One of the volunteers called the manager out during his board meeting. However, I'm still looking into taking out atleast Precious and Stan since they are so high risk. Then Jimmy following as he has cage agression.

Oh Leanne I forgot to mention - Jimmy has not been neutered yet because we want to ensure he's healthy enough first, and won't crash during the anethestic.


----------



## Leaf (Feb 10, 2008)

What was the reasoning behind the decision to euthanize?


----------



## PixieStixxxx (Feb 10, 2008)

We have 21 rabbits, and the manager only wants a maximum of 15. One of the volunteers hand written him a note as to why each rabbit's reason for not being able to go to Petcetera. She really shouldn't have.. Well looking at this note gave him a reason why to take out six.

I've just been given bad news. The manager has said he has zero tolerance for agressive and unadoptable rabbits. He wants to take away adoption and deciding who suites Petcetera benefits from us, and will "train" the staff. We know have to take these six out of the shelter ASAP and any future "unadoptable" rabbit.

My boyfriend's mom decided to fly over and see him today.. during when we were supposed to go to the SPCA and "adopt" Stan under his name. I can't pull Stan until tomorrow.


----------



## PixieStixxxx (Feb 10, 2008)

I just noticed that one of the mods changed this to "Resolved" - can if be changed back to Very Urgent?


----------



## Pipp (Feb 10, 2008)

Of course a rabbit will be cage aggressive in that situation! :grumpy:

If that was the criteria, I wouldn't have Dill,Sherry or Darry.(Dill bites like crazy).

And that means George's little Lop girl and many of his others won't stand a chance, either. 

Where's Olga in all this? 

I'll take one or two here, but that will probably bring the SPCA down on my head again, and I don't have the fund to pay an adoption fee, that's for sure. 

I might beableto take some out to my friend's farmin Langley, but I'd have to set somethingup for themthere. 

sas


----------



## PixieStixxxx (Feb 10, 2008)

Olga tried to talk to him, urging him to bring all the rabbits to VRRA. She said that these rabbits aren't adoptable, that each rabbits has a "right" home, and these homes take time to find.

Unfortunately, that made the manager worse and she said she fears she made things worse which is why we need to take these guys out now.

If we can get some transferred to VRRA, then people could foster through Olga.


----------



## Spring (Feb 10, 2008)

Oh no .. 

When is the Van.

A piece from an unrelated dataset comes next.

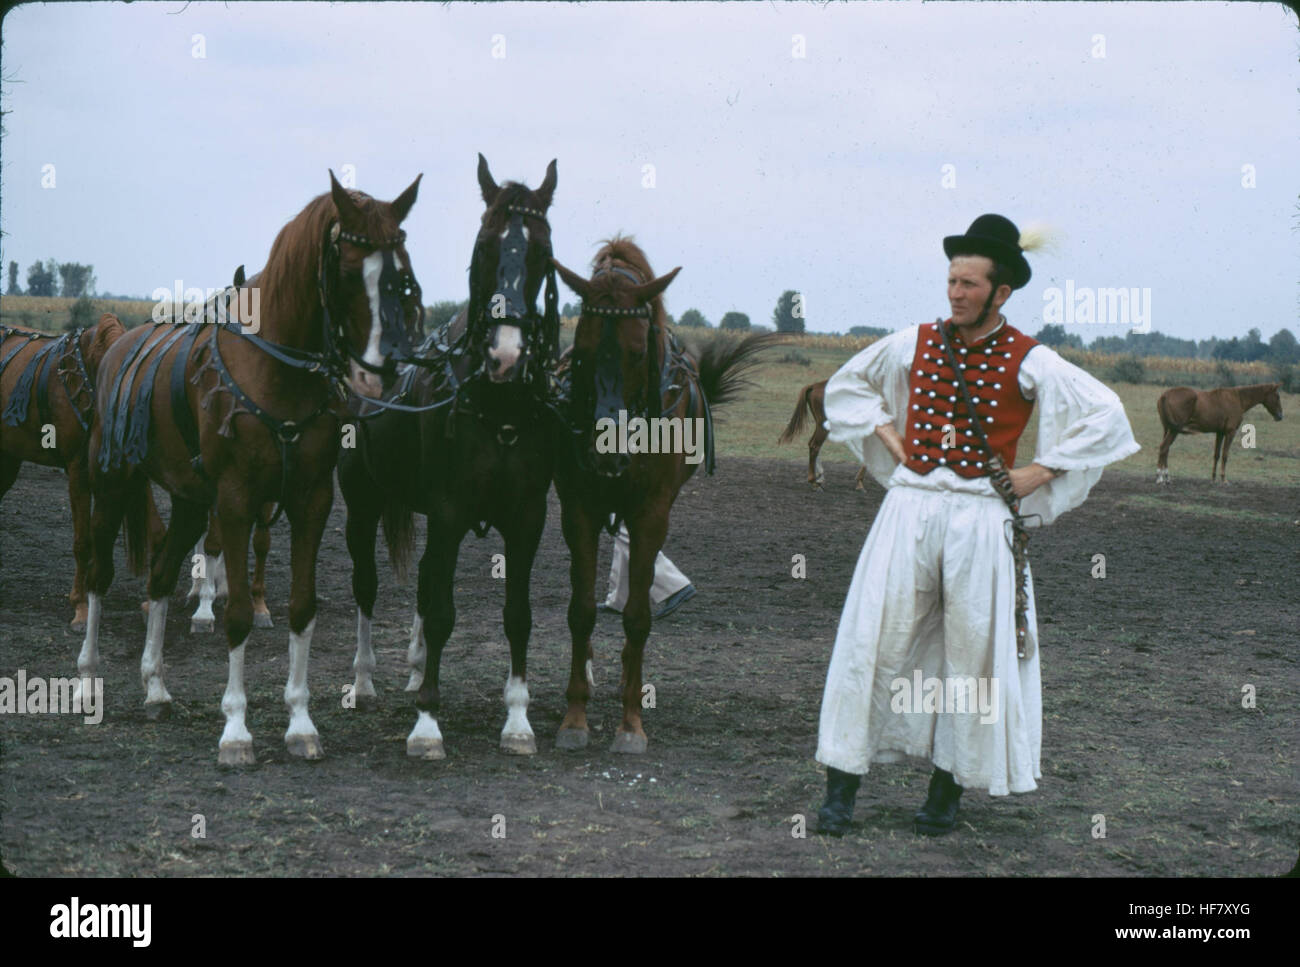 Horses in the steppes of the Puszta, Hungary.  Flamboyant traditional outfit of the horseman. Stock Photo

SPCA open until today? Is one of the volunteers still interested in Precious? If not, I'd really have to check with mom first about going down there and taking out Jimmy and Precious.. I don't know how she'll feel about two, she might only allow one, would Precious be the more at risk? I know Jimmy has the health issues, oh gosh. 

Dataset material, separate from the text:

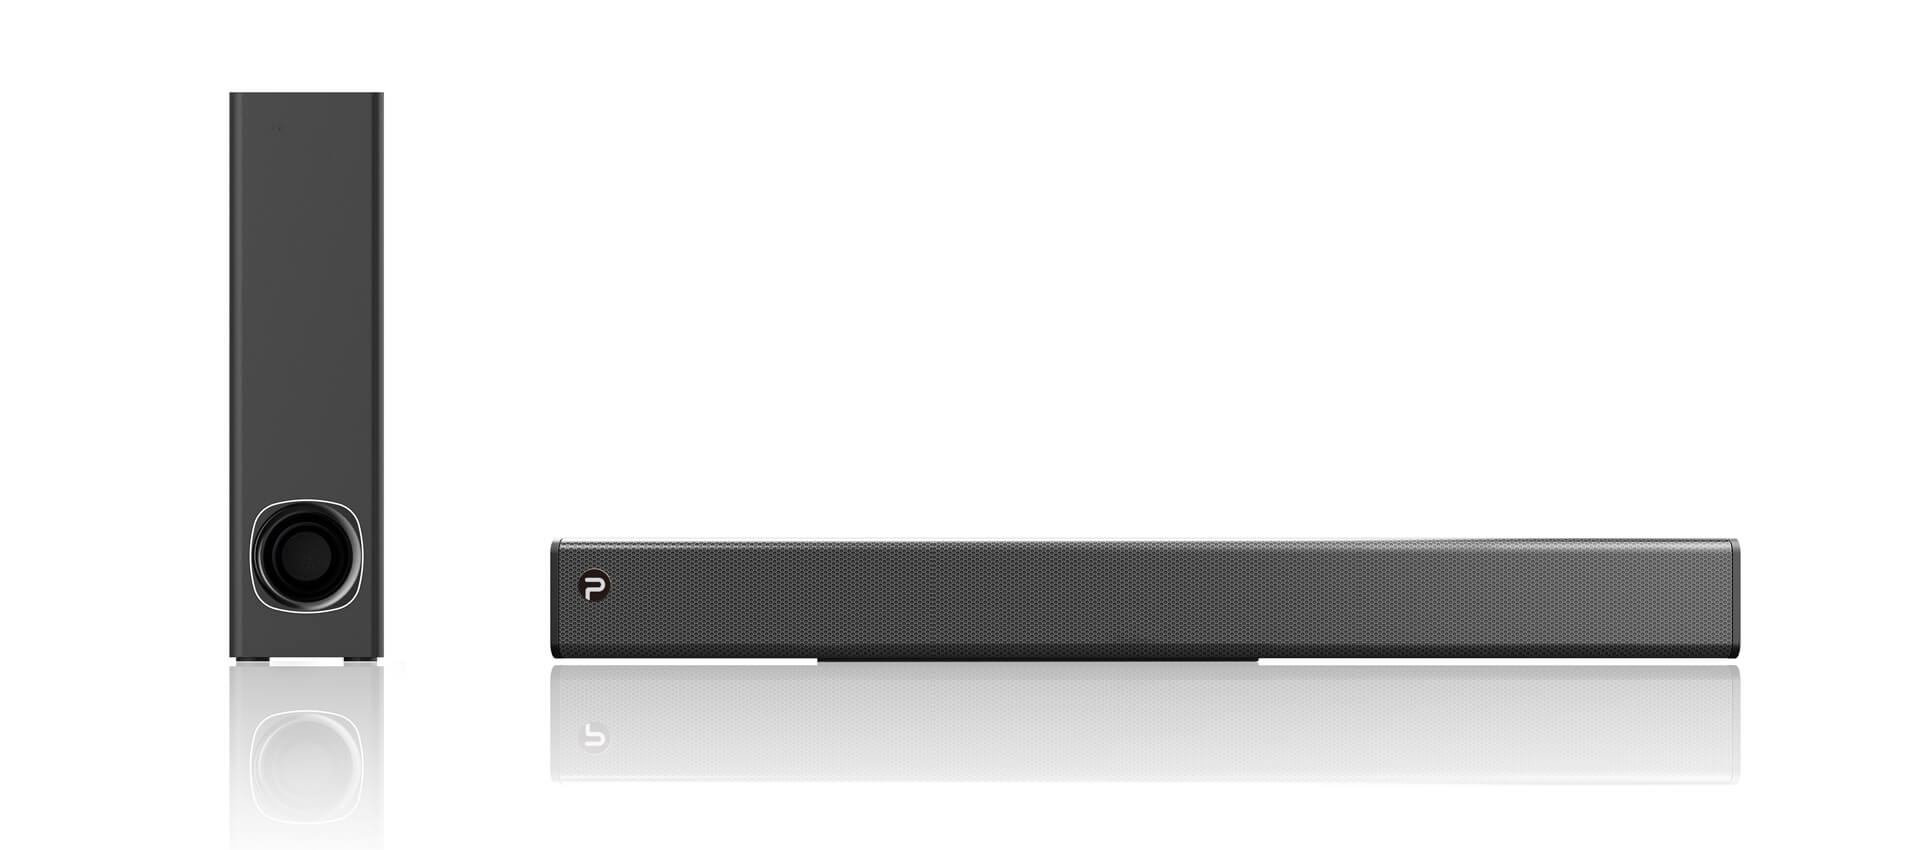 Pheanoo Audio Ltd Releases Smart P27 Soundbars Enriched With Modern Features And Technology For Home Theater

This is terrible.. I'll have to talk to mom about it and see what she says.


----------



## PixieStixxxx (Feb 10, 2008)

I believe she still is.. she was willing to take out all 21 rabbits at once! She's definately going to pull some herself, and Precious is at the top.


----------



## Pipp (Feb 10, 2008)

Is Jimmy stable enough for a neuter now? 

I'd probably do best with a boy here. I'd be able to keep a close eye on him, too. How big is he? Conflicting info on the site. 



sas


----------



## Spring (Feb 10, 2008)

Ok, as long as Precious has a back up.

Does the SPCA give any certificate for a neuter or anything if they adopt out an unneutered animal? It's not that big of an issue, I'm more worried about how Jimmy would take the ride home and the change of environment with his health issues.. but better than being euthanized.


----------



## Spring (Feb 10, 2008)

Yeah, Sas, if you can take him, I think he'd be better with you. I don't handle sick animals emotionally well, more so with my past experieicne with Pepsi's issues.. I am able to adopt anyone, just wanting to get them out of there.


----------



## Spring (Feb 10, 2008)

ARGH mom doesn't want to adopt one because she thinks they'd find homes without me needing to step in.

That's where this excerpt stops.